The payment amount made by an individual each month is recorded over 6 consecutive time periods. To condense and get a better view of indiviudal average behaviour, I made a feature of the mean payment amount each month. To examine whether there was significant difference in the effect upon Default of payments closer to the Default period or those further away, I also took averages for the first 3 months (period A) and the last 3 months (period B). Any siginifcant difference or, perhaps more importantly, lack of difference may indicate that likelihood of default can be spotted looking further back in time looking out to 4-6 months in advance.

In [5]:
df['PAY_AMT_AVG_FULL'] = (df['PAY_AMT1'] + df['PAY_AMT2'] + df['PAY_AMT3'] + df['PAY_AMT4'] + df['PAY_AMT5'] + df['PAY_AMT6']) / 6
df['PAY_AMT_AVG_A'] = (df['PAY_AMT1'] + df['PAY_AMT2'] + df['PAY_AMT3']) / 3
df['PAY_AMT_AVG_B'] = (df['PAY_AMT4'] + df['PAY_AMT5'] + df['PAY_AMT6']) / 3

Using the same intuition as above, I repeated the process for the amount that an individual is billed each month over the 6 recorded periods.

In [6]:
df['BILL_AMT_AVG_FULL'] = (df['BILL_AMT1'] + df['BILL_AMT2'] + df['BILL_AMT3'] + df['BILL_AMT4'] + df['BILL_AMT5'] + df['BILL_AMT6']) / 6
df['BILL_AMT_AVG_A'] = (df['BILL_AMT1'] + df['BILL_AMT2'] + df['BILL_AMT3']) / 3
df['BILL_AMT_AVG_B'] = (df['BILL_AMT4'] + df['BILL_AMT5'] + df['BILL_AMT6']) / 3

I repeated again for the repayment score.
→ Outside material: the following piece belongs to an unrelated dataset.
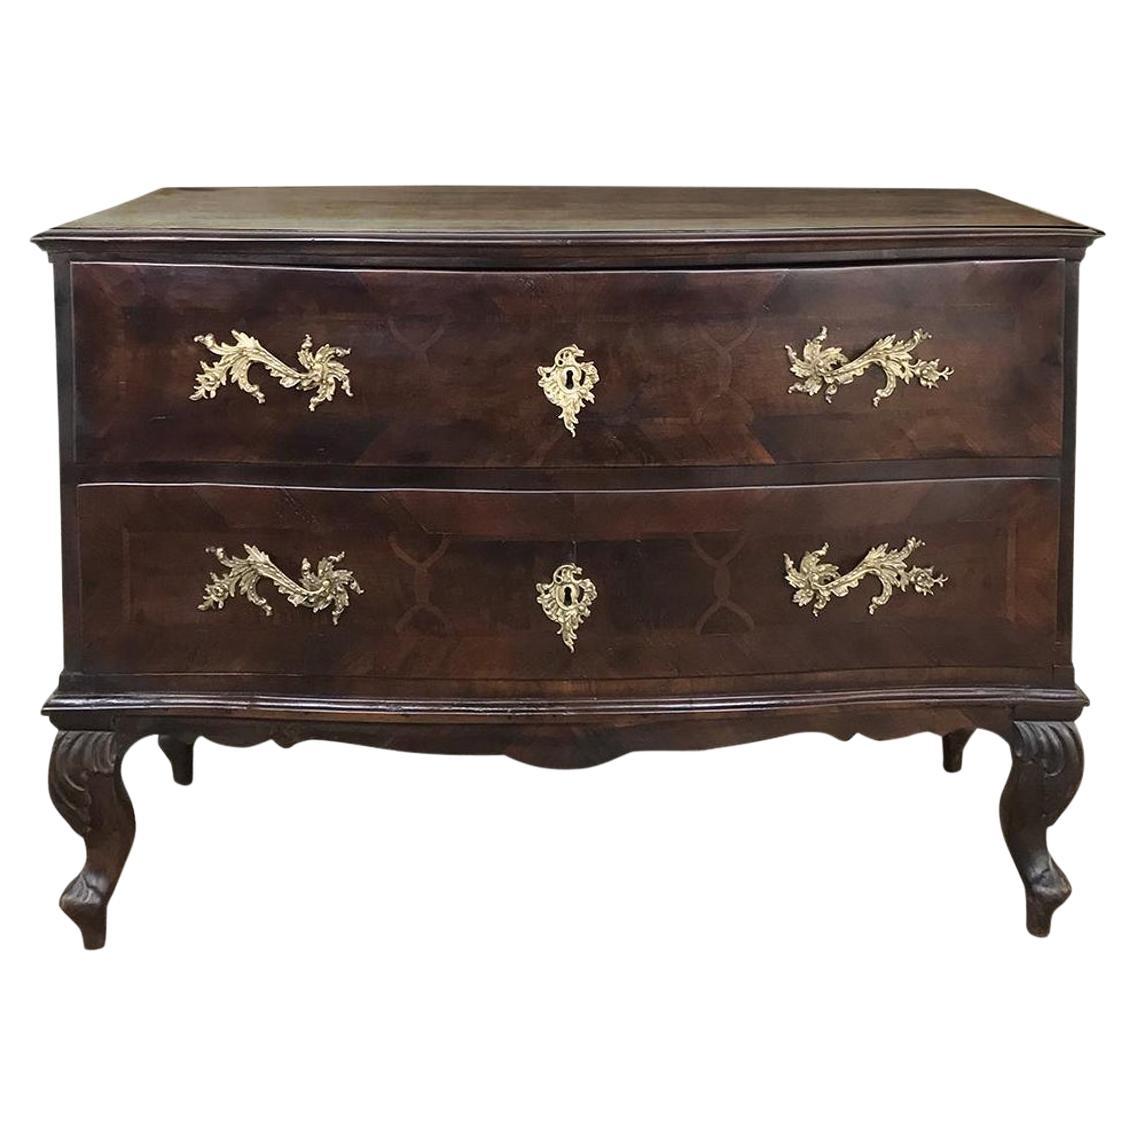 19th Century Italian Fruitwood Inlaid Commode For Sale

As a recap, this was a score inferred from the original data set; a higher score indicating that the individual has delayed payment for a greater amount of months (delay being distinct from actual default) and a lower score little or no delay in payment.

In [7]:
df['REPAY_AVG_FULL'] = (df['PAY_1'] + df['PAY_2'] + df['PAY_3'] + df['PAY_4'] + df['PAY_5'] + df['PAY_6']) / 6
df['REPAY_AVG_A'] = (df['PAY_1'] + df['PAY_2'] + df['PAY_3']) / 3
df['REPAY_AVG_B'] = (df['PAY_4'] + df['PAY_5'] + df['PAY_6']) / 3

Conventional wisdom would suggest that the bill amount requires further context in explaining the likelihood of Default, particularly is reltaion to the individual's ability to pay the bill. The Limit Amount on an individual's account is our best estimator here of their ability to pay (as judged by the credit card company), so it is interesting to look at the size of the bill with that in mind. I looked at the ratio between the two and took averages as with the previous explanatory variables above.

In [8]:
df['BILL_LIMIT_RAT_1'] = df['BILL_AMT1'] / df['LIMIT_BAL']
df['BILL_LIMIT_RAT_2'] = df['BILL_AMT2'] / df['LIMIT_BAL']
df['BILL_LIMIT_RAT_3'] = df['BILL_AMT3'] / df['LIMIT_BAL']
df['BILL_LIMIT_RAT_4'] = df['BILL_AMT4'] / df['LIMIT_BAL']
df['BILL_LIMIT_RAT_5'] = df['BILL_AMT5'] / df['LIMIT_BAL']
df['BILL_LIMIT_RAT_6'] = df['BILL_AMT6'] / df['LIMIT_BAL']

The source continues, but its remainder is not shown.